## Given material
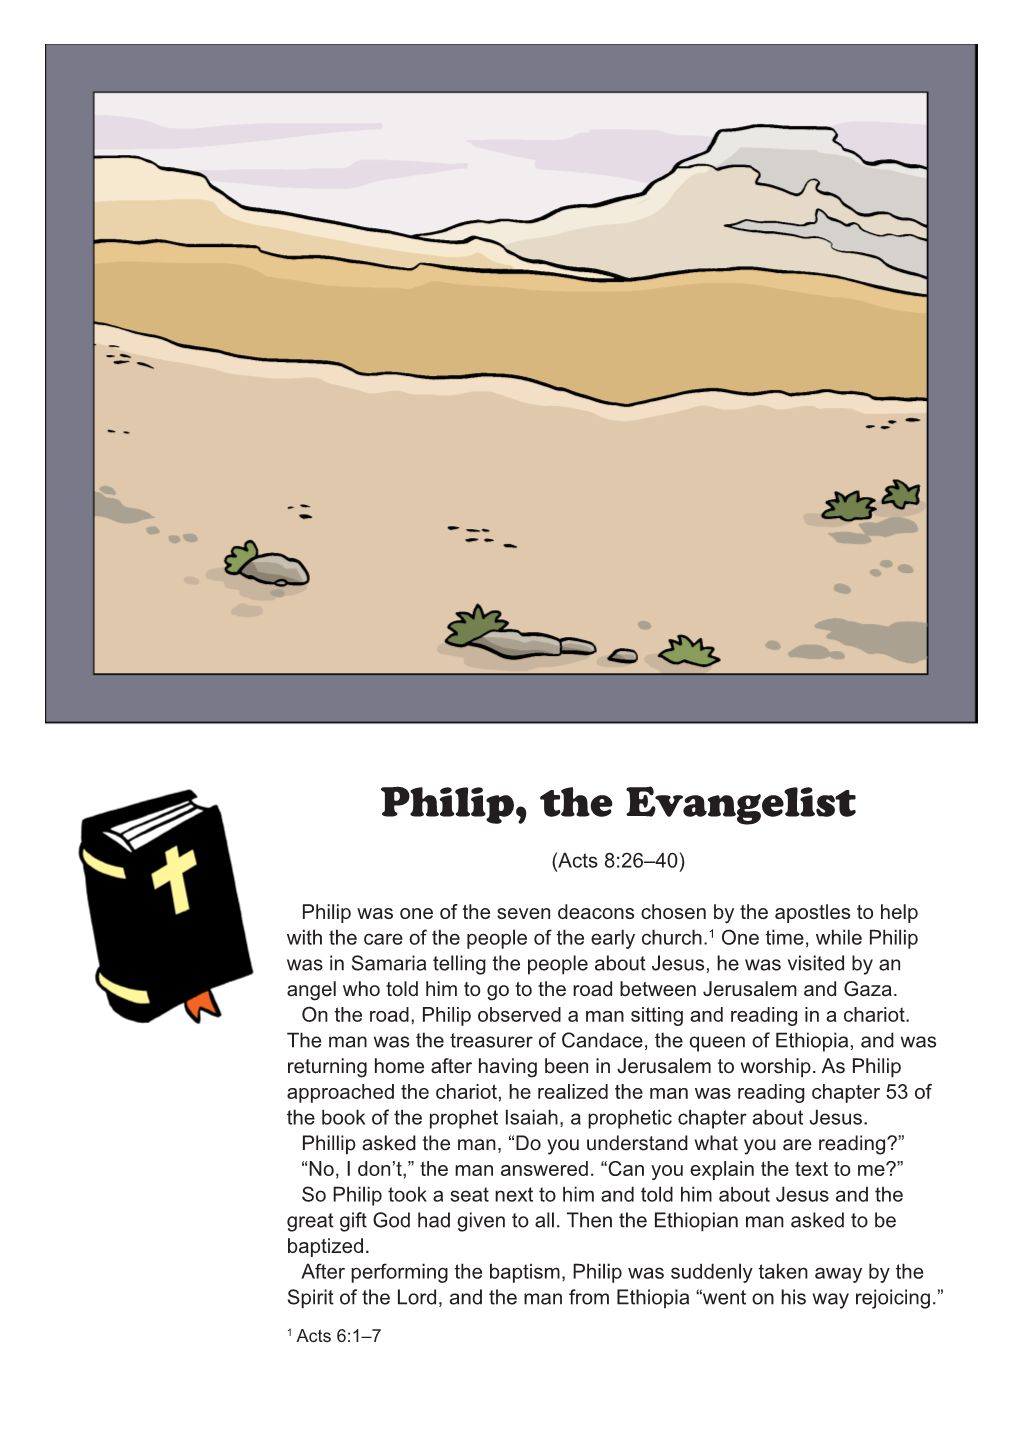 The Acts of the Apostles: Philip, the Evangelist
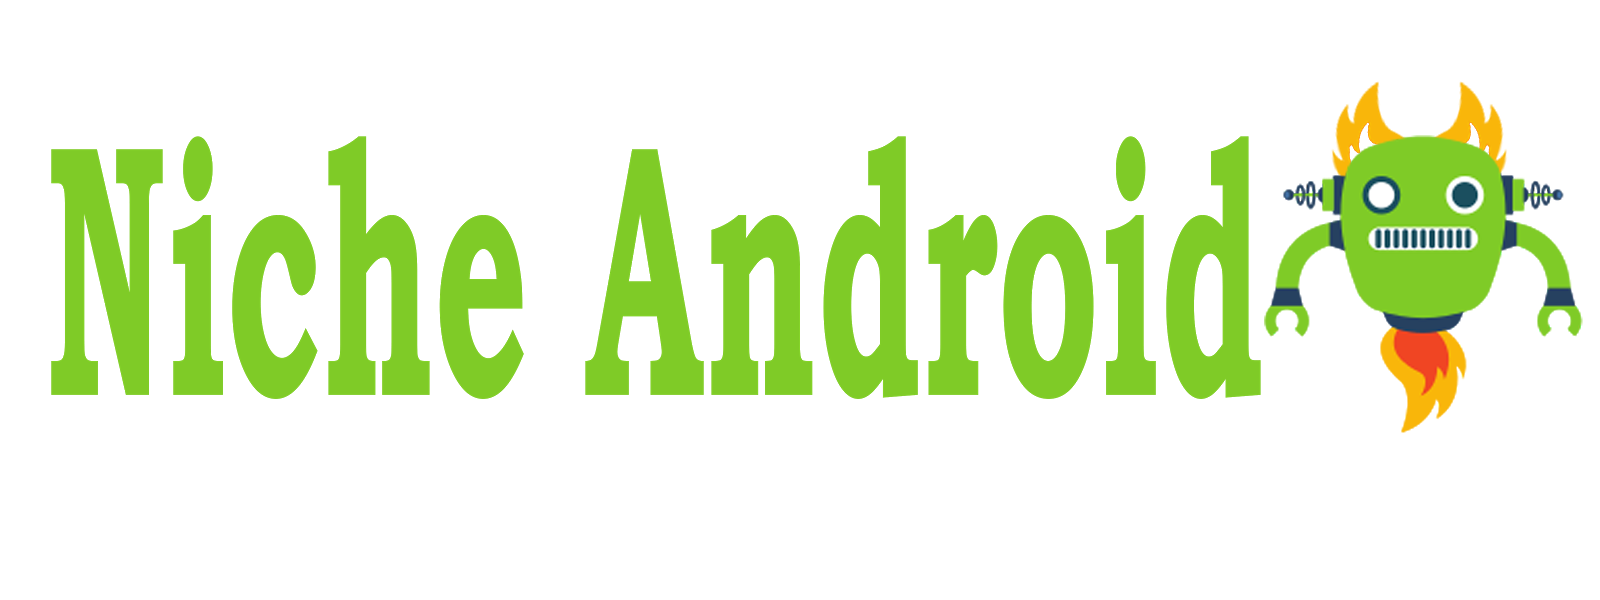 Niche Android
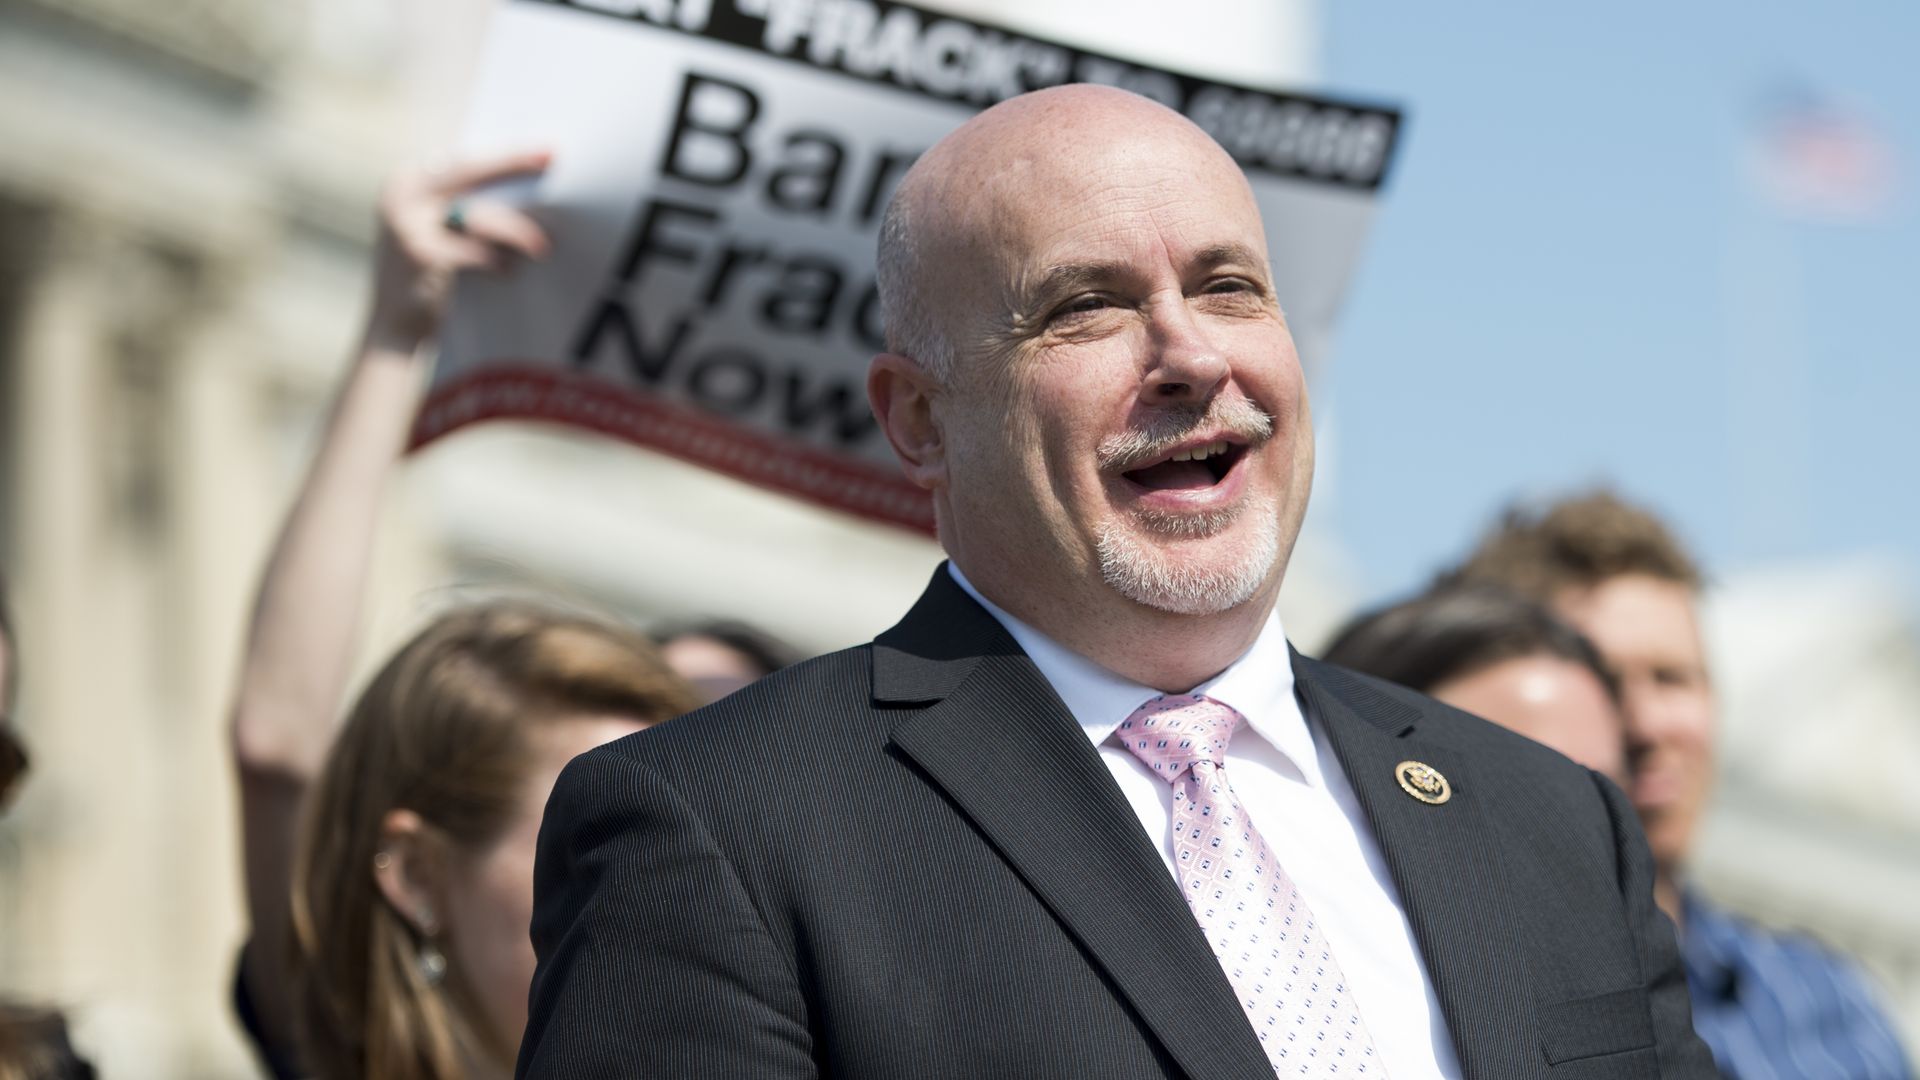 Rep. Mark Pocan is seen speaking outside the U.S. Capitol.

## Requirement
Working from the lines above, reproduce the material exactly and exclude its pictures.

## Result of the task
 The Acts of the Apostles: Philip, the Evangelist
 Niche Android
 Rep. Mark Pocan is seen speaking outside the U.S. Capitol.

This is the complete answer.